▶ _Work to complete_: An exact copy of the data is required; the images should not appear in it.

━━ Provided records

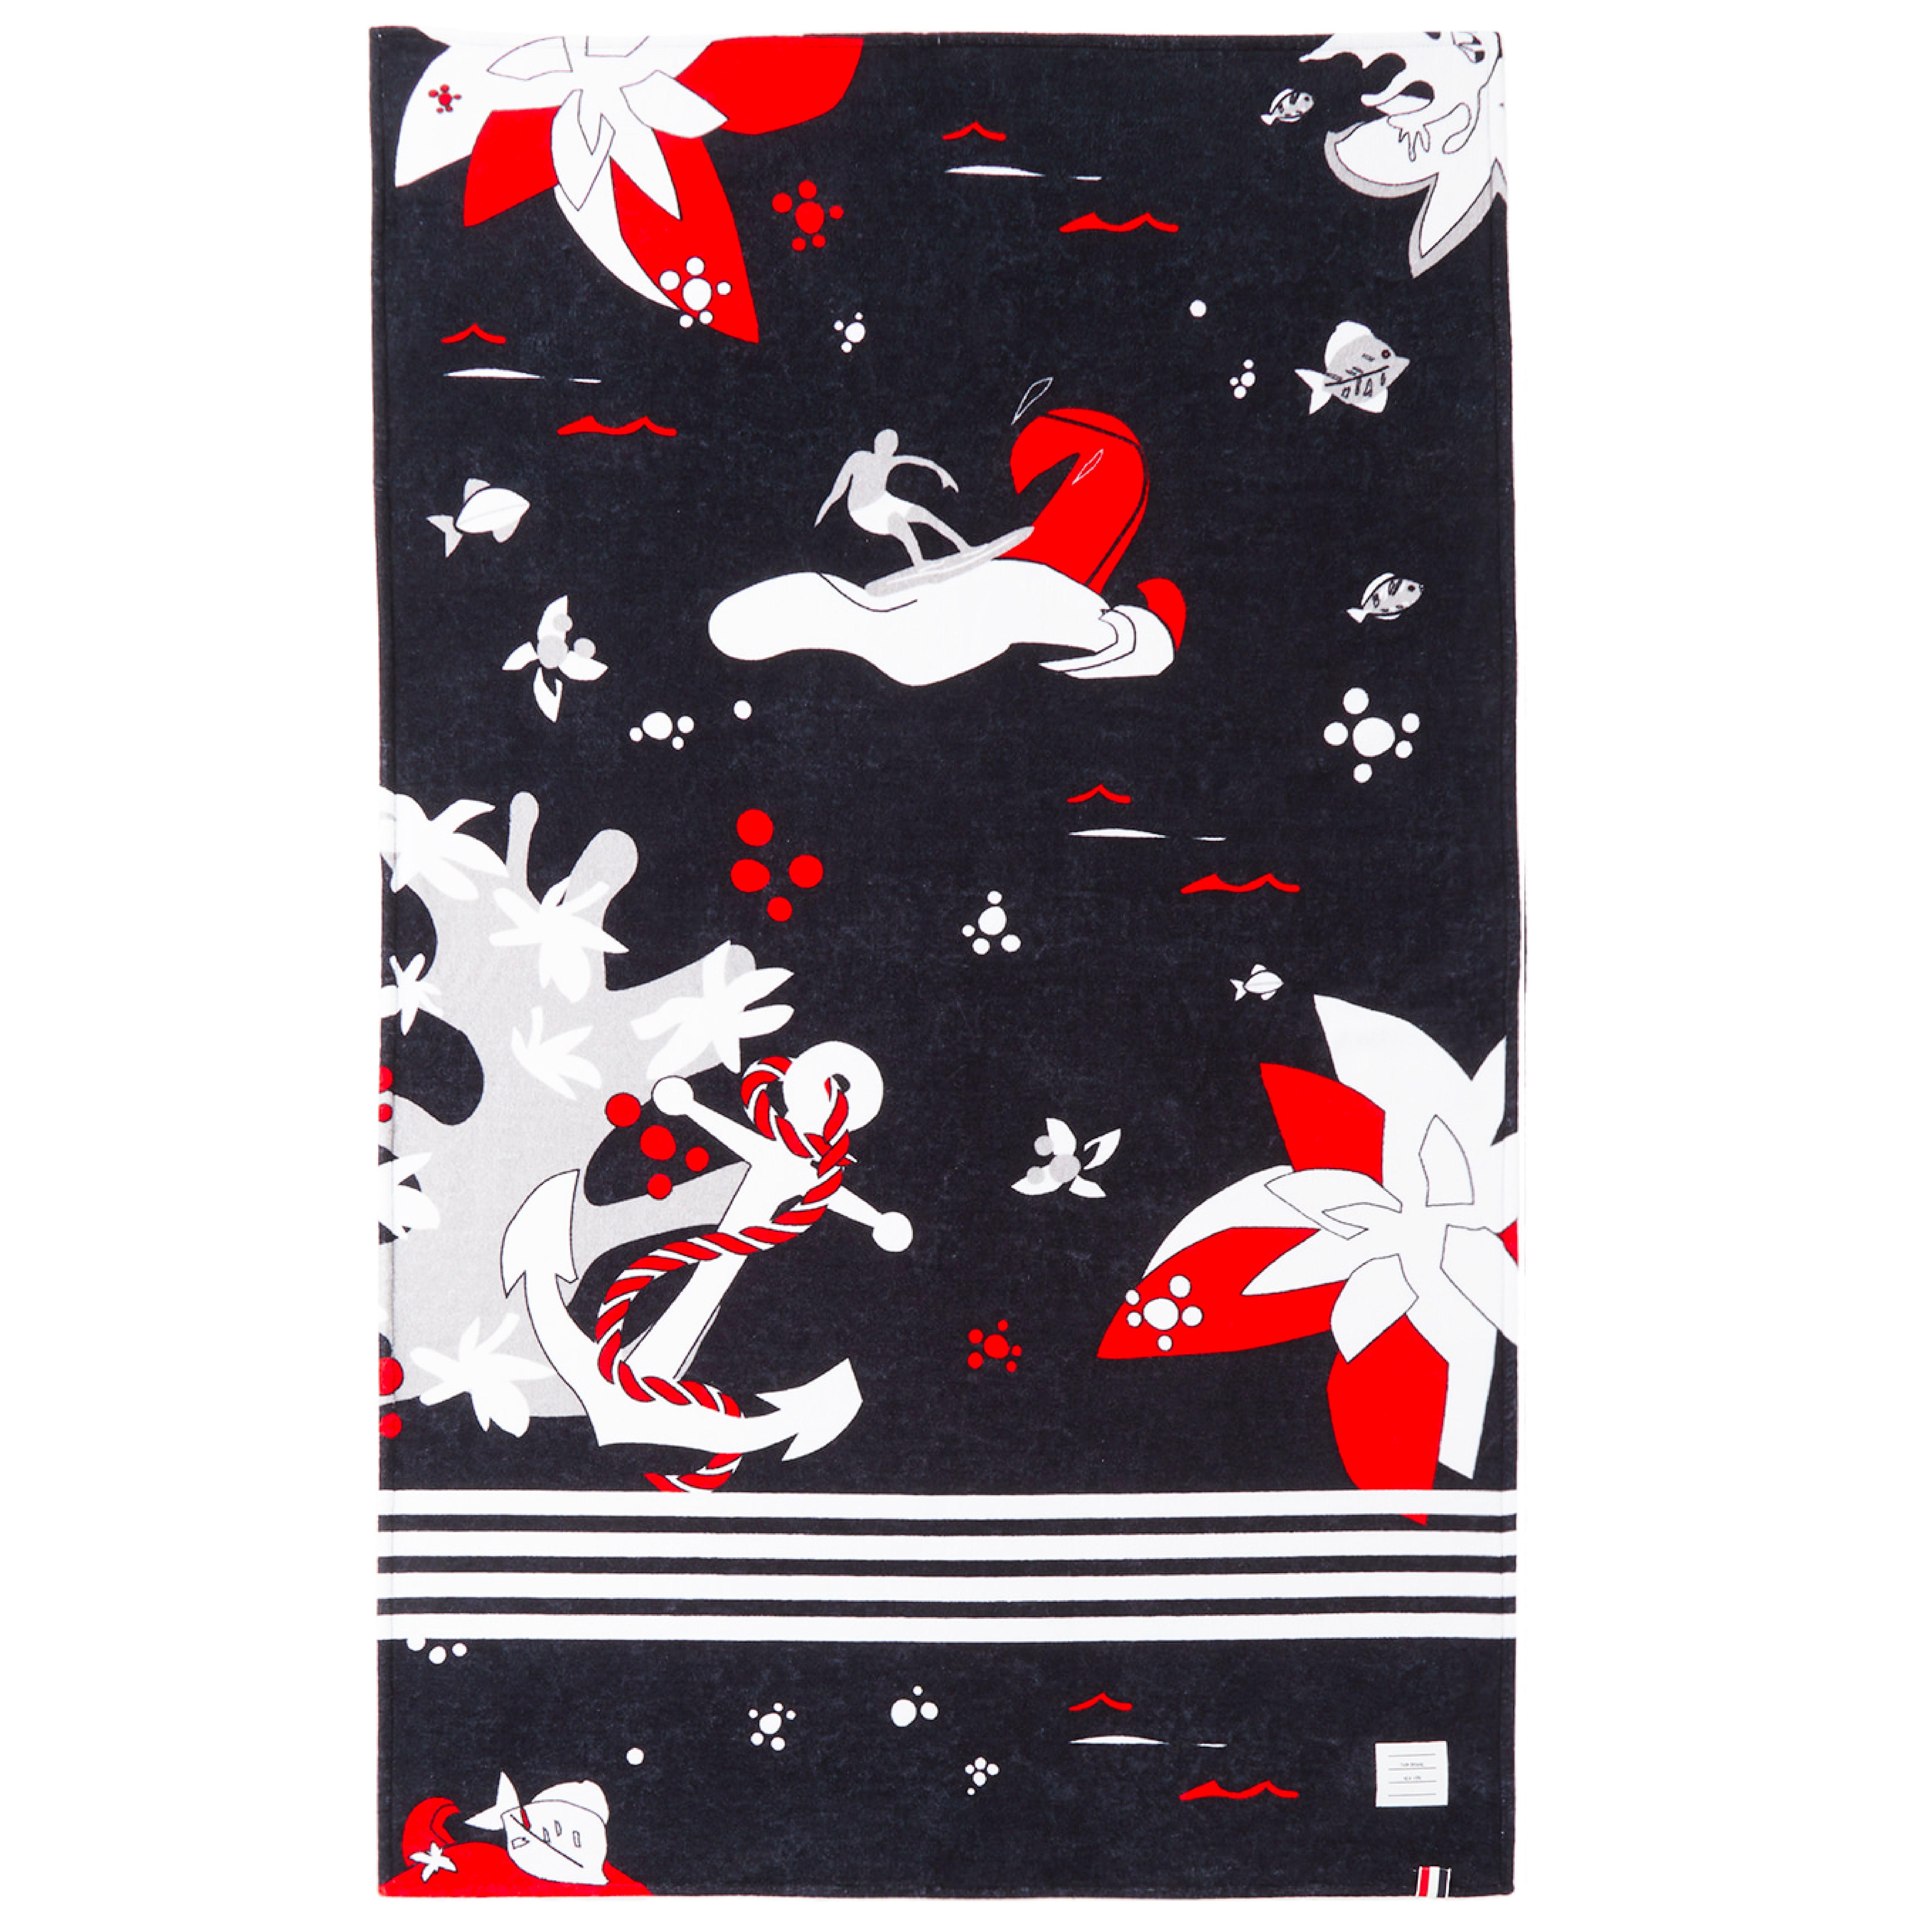 Serviette de plage à motif hawaïen Thom Browne, marine et rouge. Serviette rectangulaire en coton éponge de couleur marine avec un motif graphique rouge, blanc et gris. Signature de bandes blanches en longueur. Logo en textile blanc et drapeau
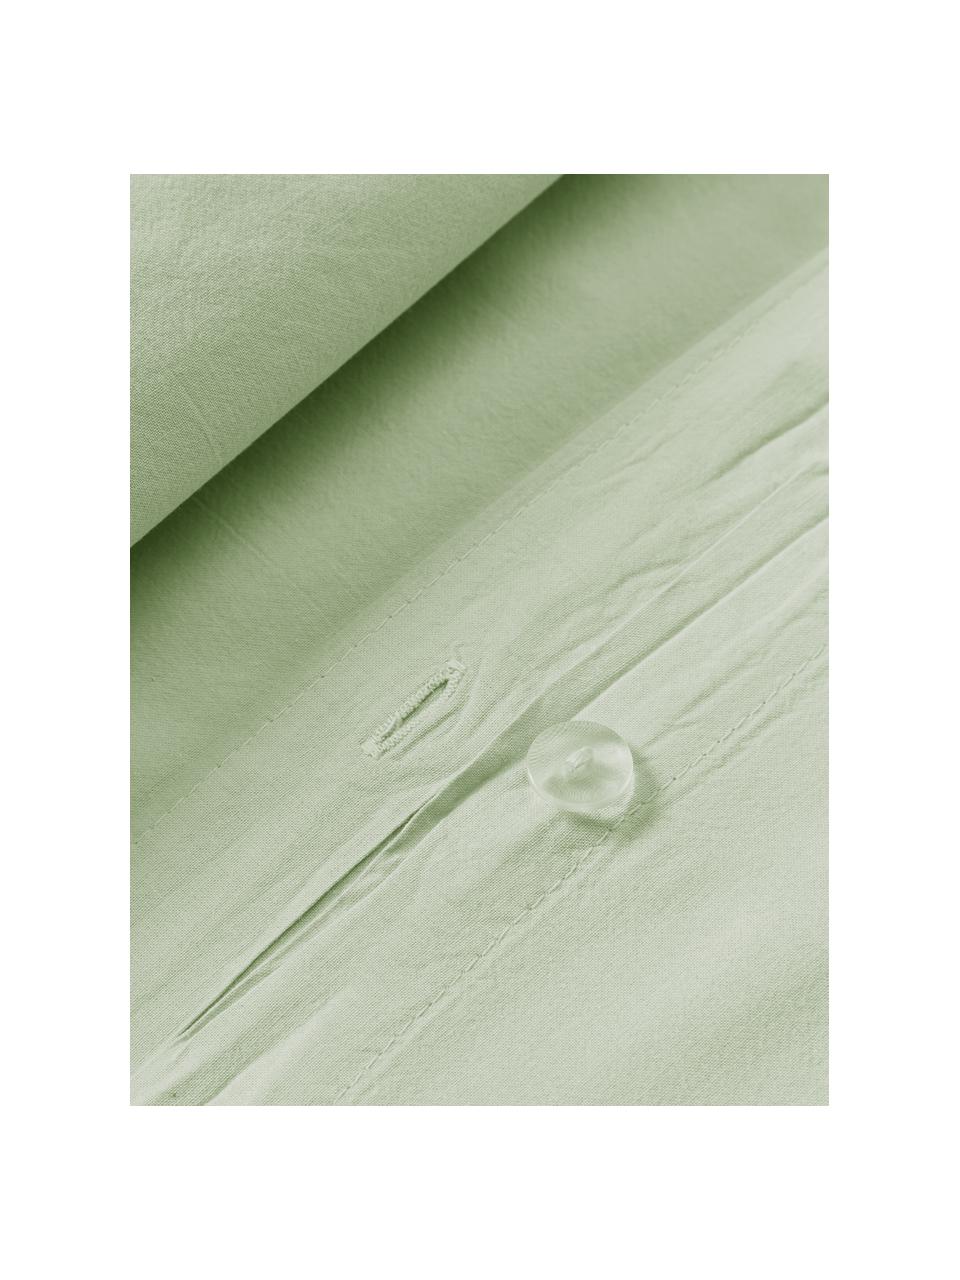 Funda nórdica de algodón lavado Darlyn, 100% algodón
Densidad de hilo 150 TC, calidad estándar

El algodón da una sensación agradable y suave en la piel, absorbe bien la humedad y es adecuado para personas alérgicas.

Este tejido ha sido sometido a un proceso de lavado especial que le da un aspecto Softwash irregular y resistente, pero siendo suave al tacto, flexible y cómodo. Además, su aspecto arrugado natural hace que no necesite planchado.

El material utilizado para este producto ha sido probado contra sustancias nocivas y está certificado según el STANDARD 100 por OEKO-TEX®, 4265CIT, CITEVE., Verde salvia, Cama 90 cm (155 x 220 cm)

━━━━

▶ _Answer for this exercise_:
 Serviette de plage à motif hawaïen Thom Browne, marine et rouge. Serviette rectangulaire en coton éponge de couleur marine avec un motif graphique rouge, blanc et gris. Signature de bandes blanches en longueur. Logo en textile blanc et drapeau
 Funda nórdica de algodón lavado Darlyn, 100% algodón
Densidad de hilo 150 TC, calidad estándar

El algodón da una sensación agradable y suave en la piel, absorbe bien la humedad y es adecuado para personas alérgicas.

Este tejido ha sido sometido a un proceso de lavado especial que le da un aspecto Softwash irregular y resistente, pero siendo suave al tacto, flexible y cómodo. Además, su aspecto arrugado natural hace que no necesite planchado.

El material utilizado para este producto ha sido probado contra sustancias nocivas y está certificado según el STANDARD 100 por OEKO-TEX®, 4265CIT, CITEVE., Verde salvia, Cama 90 cm (155 x 220 cm)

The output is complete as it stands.